Courtney Rachel, Gamble Candace, Arango Monica L, Shah Avni, Rubio Nunilo I, Nguyen Joanne, Rodriguez-Buritica David
J Pediatr Endocrinol Metab. 2016 Sep 1;29(9):1089-93. doi: 10.1515/jpem-2016-0040.
Permanent neonatal diabetes (PNDM) is a rare genetic condition characterized by hyperglycemia, insulinopenia, and failure to thrive beginning in the first 6 months of life. Recessive mutations in INS lead to decreased production of insulin via a variety of mechanisms. We present a case of two brothers, born to consanguineous parents, with a novel homozygous intronic variant in the INS gene. Each patient presented with intrauterine growth restriction (IUGR) and significant hyperglycemia within the first 24 h of life. All the grandparents have a diagnosis of diabetes, one of them requiring insulin treatment and the parents currently deny personal histories of diabetes. Although this mutation has not previously been described, given the segregation of the mutation, absence of heterozygosity (AOH) in the genomic region encompassing the INS locus, documented insulinopenia, and high neonatal insulin requirements, we suspect that this variant is pathogenic. Possible implications for personalized treatment of the underlying molecular etiology for an individual's diabetes are discussed.

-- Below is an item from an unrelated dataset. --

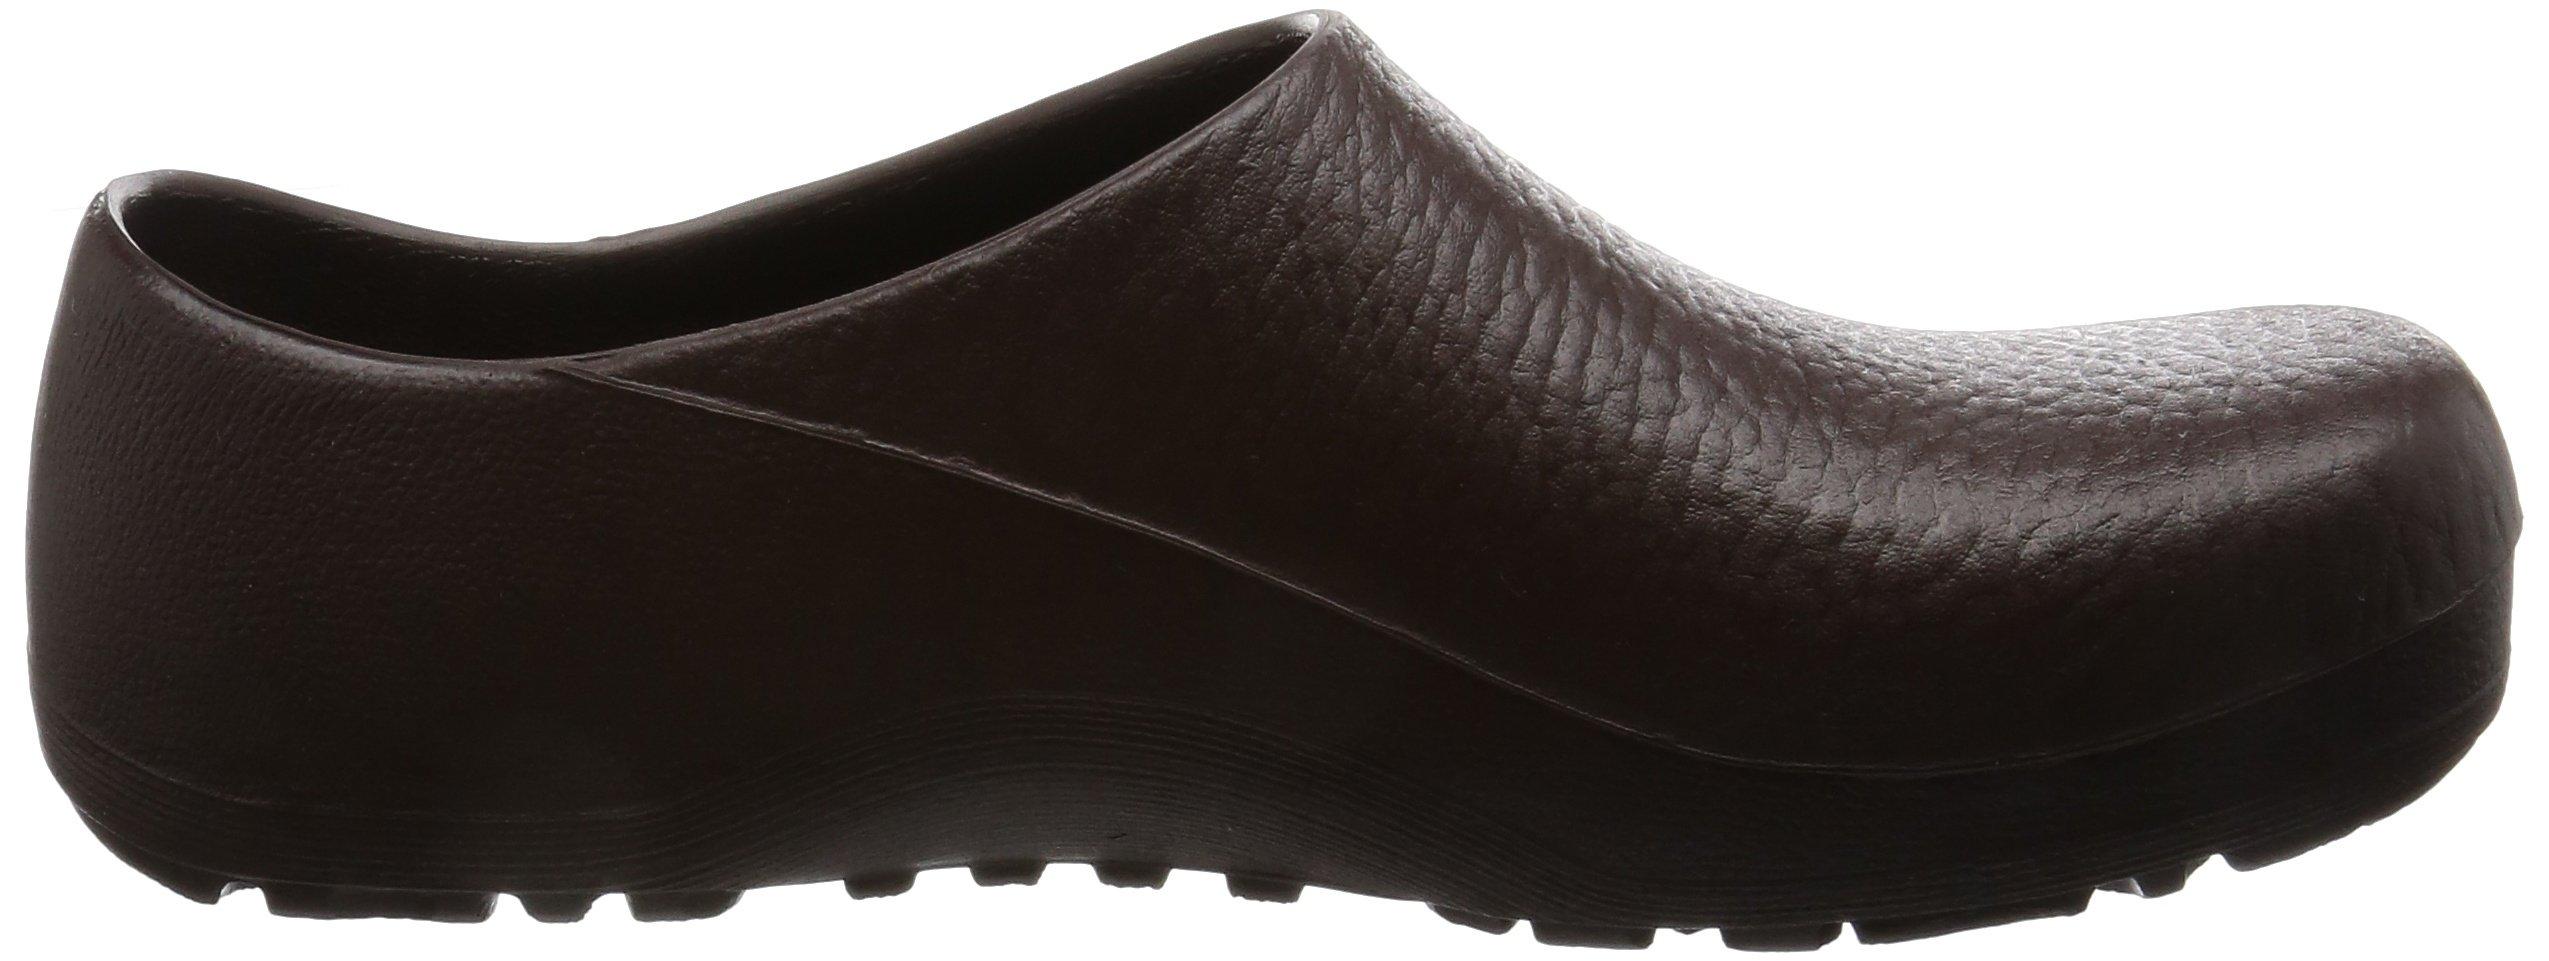 Birkenstock Men´s Profi-Birki Brown Alpro-Foam Sandals 40 EU (M7/L9 US) R 074061 by Birkenstock (Image #7)

永久性新生儿糖尿病(PNDM)是一种罕见的遗传性疾病,其特征为高血糖、胰岛素缺乏以及在出生后6个月内出现生长发育迟缓。胰岛素基因(INS)的隐性突变通过多种机制导致胰岛素生成减少。我们报告了一例近亲结婚父母所生的两兄弟病例,他们的INS基因存在一种新的纯合内含子变异。每名患者在出生后24小时内均出现宫内生长受限(IUGR)和显著高血糖。所有祖父母均被诊断患有糖尿病,其中一人需要胰岛素治疗,而父母目前否认有糖尿病个人史。尽管此前尚未描述过这种突变,但鉴于该突变的分离情况、INS基因座所在基因组区域不存在杂合性缺失(AOH)、记录到的胰岛素缺乏以及新生儿对胰岛素的高需求,我们怀疑这种变异具有致病性。本文讨论了该变异对个体糖尿病潜在分子病因的个性化治疗可能产生的影响。